Records shown

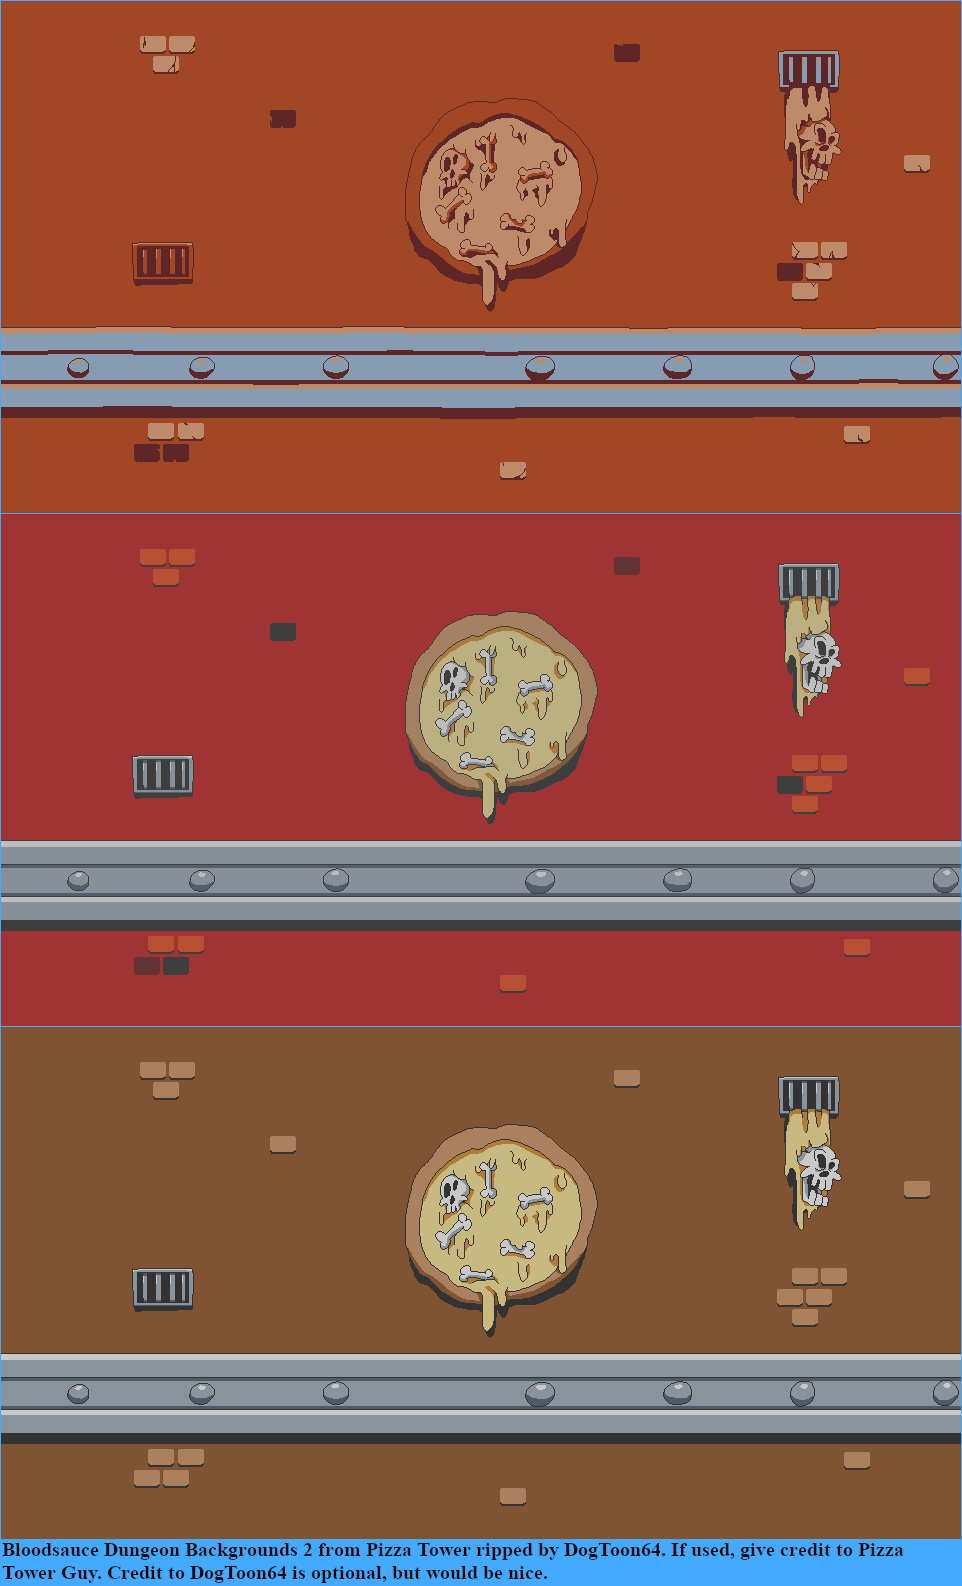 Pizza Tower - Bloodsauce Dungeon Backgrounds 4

* * *

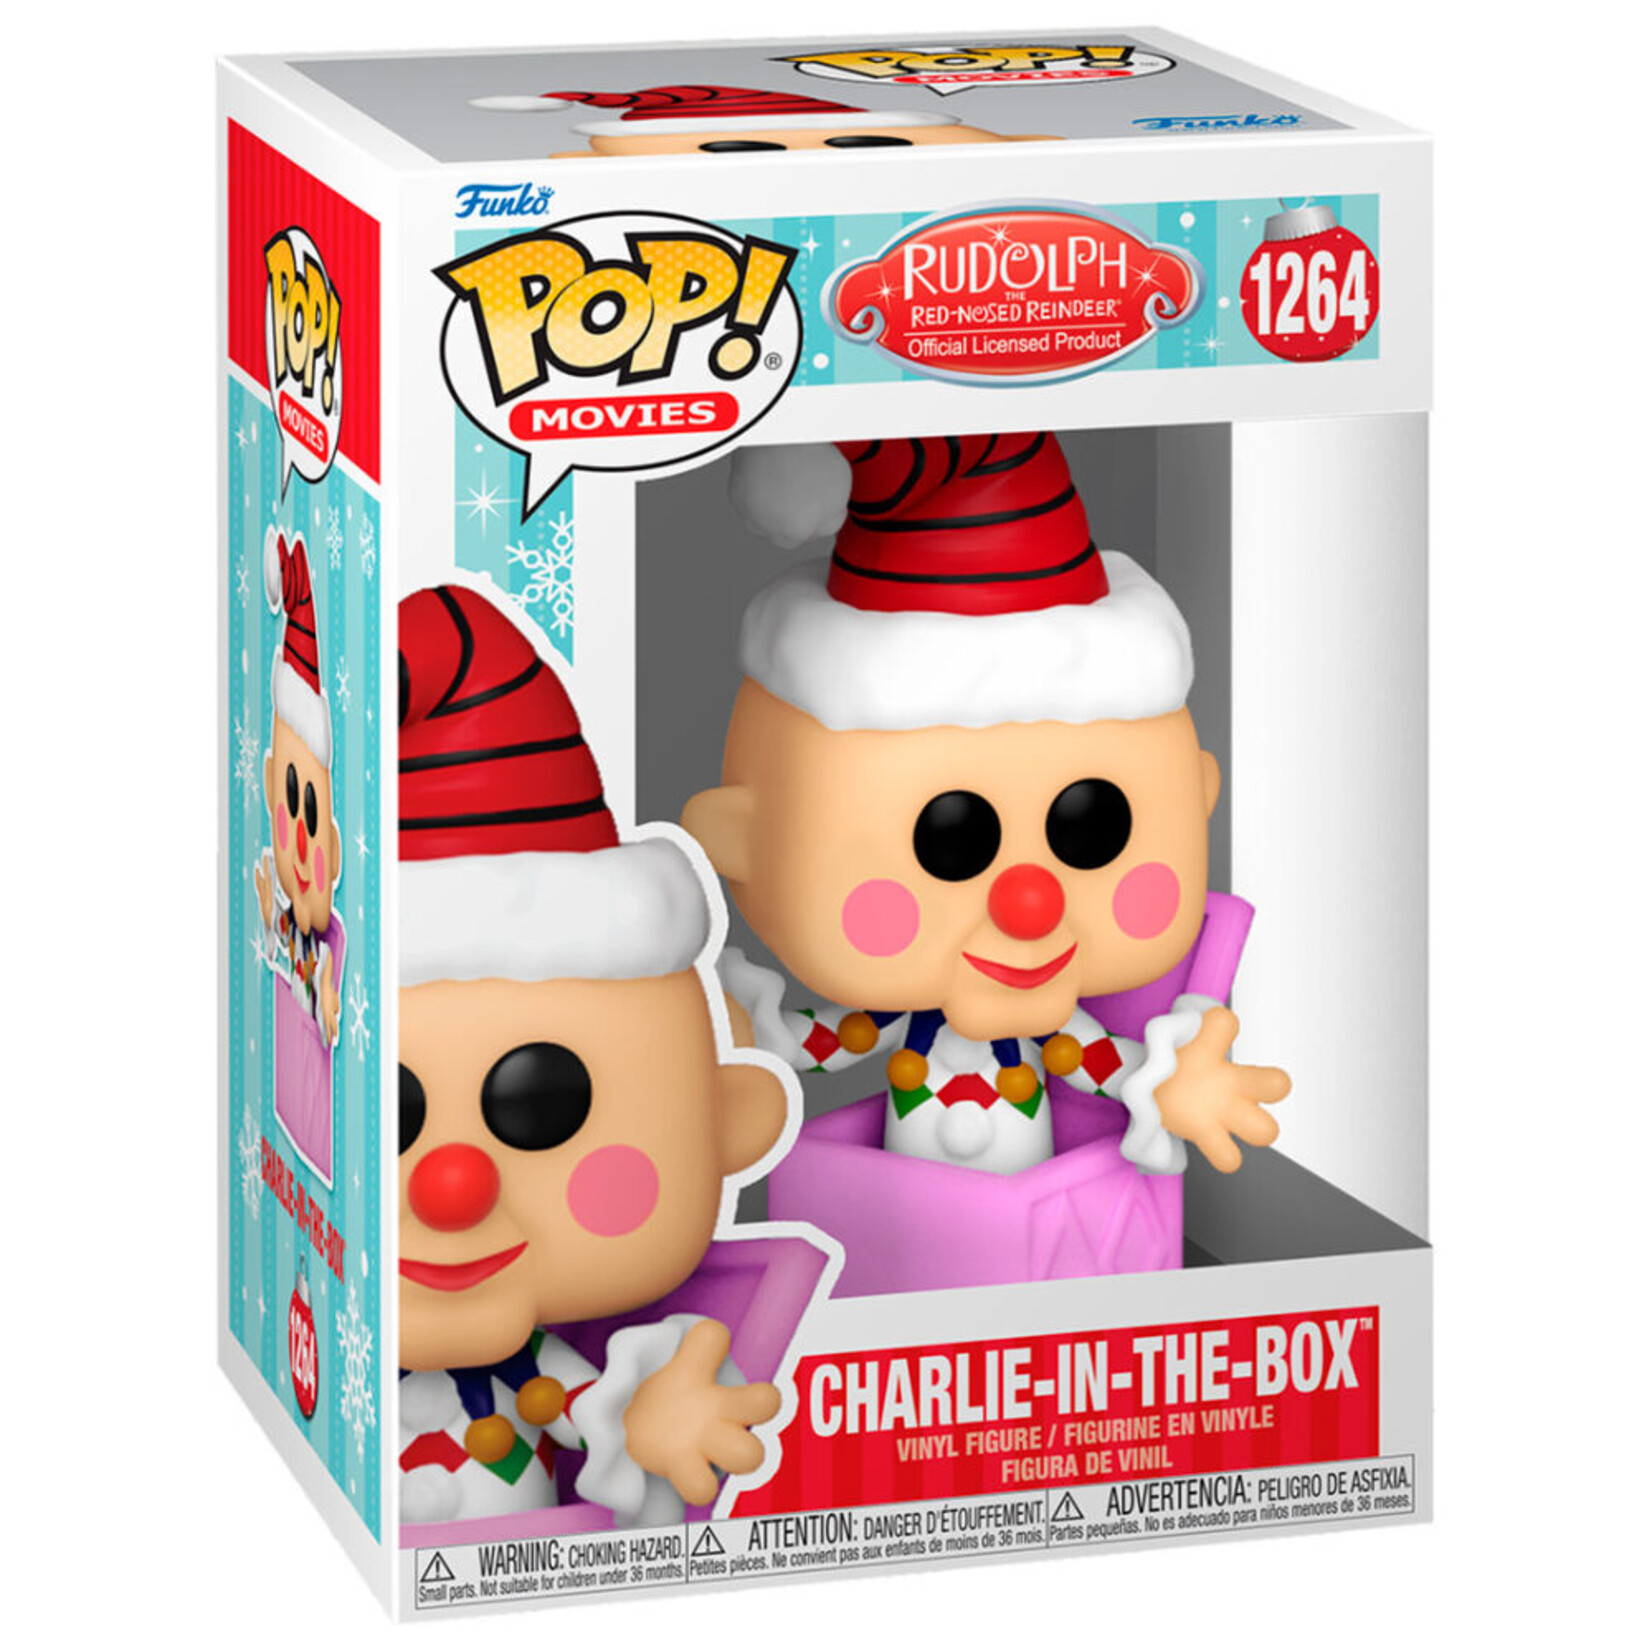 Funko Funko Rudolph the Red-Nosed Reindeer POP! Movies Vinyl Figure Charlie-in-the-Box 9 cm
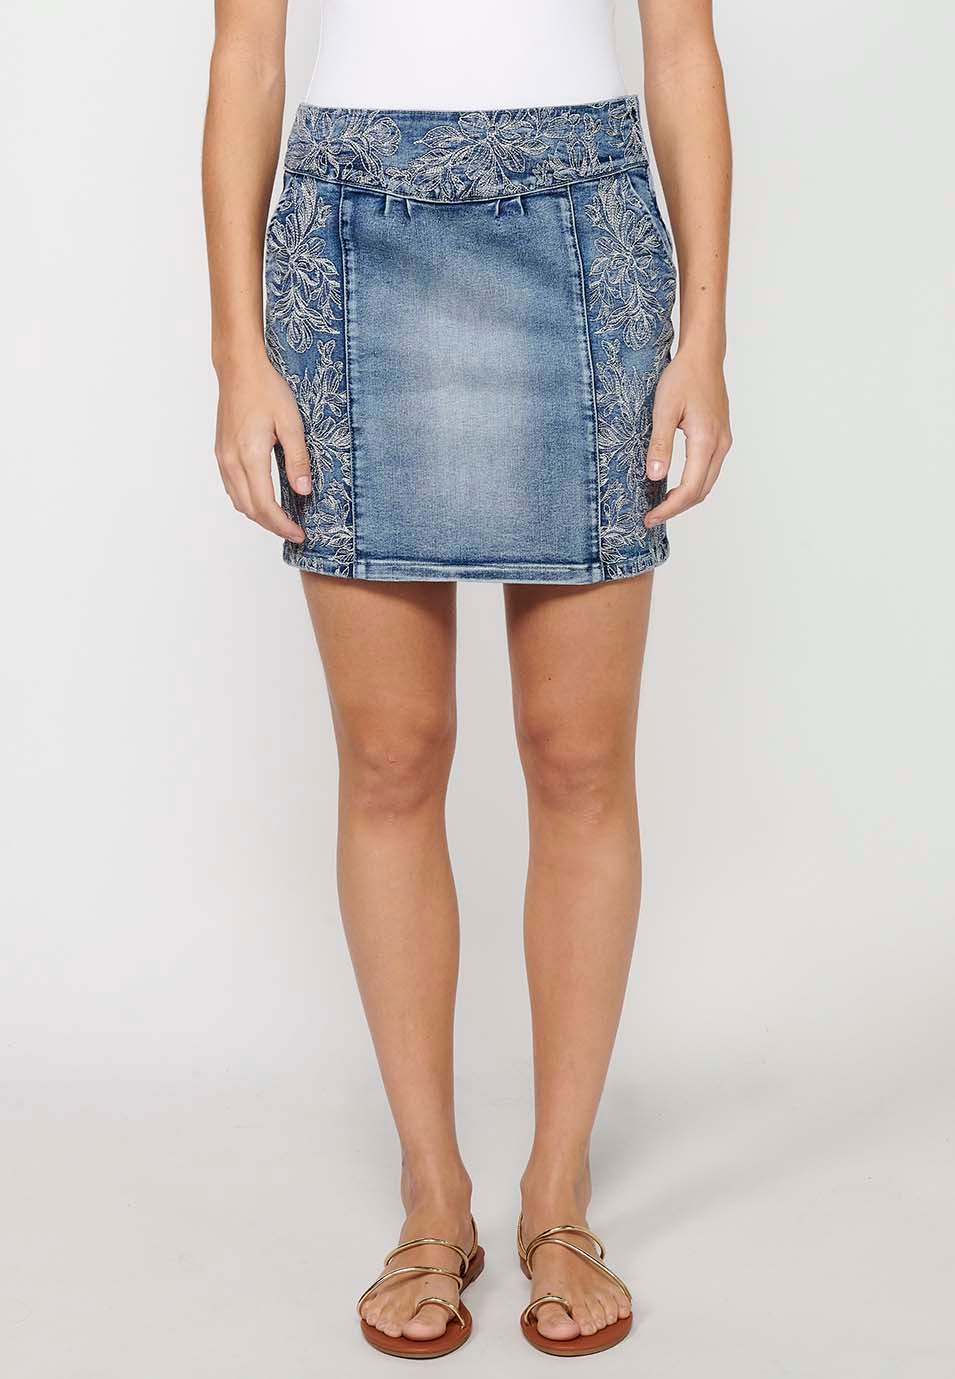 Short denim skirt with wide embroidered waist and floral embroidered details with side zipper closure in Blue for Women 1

Task brief
Only the lines above from the one with "Funko Funko Rudolph" to the one with "Short denim skirt" should be printed, both included and exactly as written; no picture belongs in the copy.

Output for this exercise
 Funko Funko Rudolph the Red-Nosed Reindeer POP! Movies Vinyl Figure Charlie-in-the-Box 9 cm
 Short denim skirt with wide embroidered waist and floral embroidered details with side zipper closure in Blue for Women 1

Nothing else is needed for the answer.